■ **What you need to do**: Although the data below holds other lines too, output only those from the line with "Moda de Algodão" up to and including the line with "Bolsa de papel homem aranha 10 unidades", exactly as they appear.

[Opening Data for this task section]

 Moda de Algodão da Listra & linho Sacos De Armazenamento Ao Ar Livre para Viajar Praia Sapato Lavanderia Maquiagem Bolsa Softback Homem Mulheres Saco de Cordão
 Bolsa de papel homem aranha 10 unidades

[Closing Data for this task section]
[Opening Data for this task section]

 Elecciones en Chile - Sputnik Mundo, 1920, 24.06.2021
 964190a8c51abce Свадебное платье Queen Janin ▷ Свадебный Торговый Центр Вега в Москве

[Closing Data for this task section]

■ **Exercise response**:
 Moda de Algodão da Listra & linho Sacos De Armazenamento Ao Ar Livre para Viajar Praia Sapato Lavanderia Maquiagem Bolsa Softback Homem Mulheres Saco de Cordão
 Bolsa de papel homem aranha 10 unidades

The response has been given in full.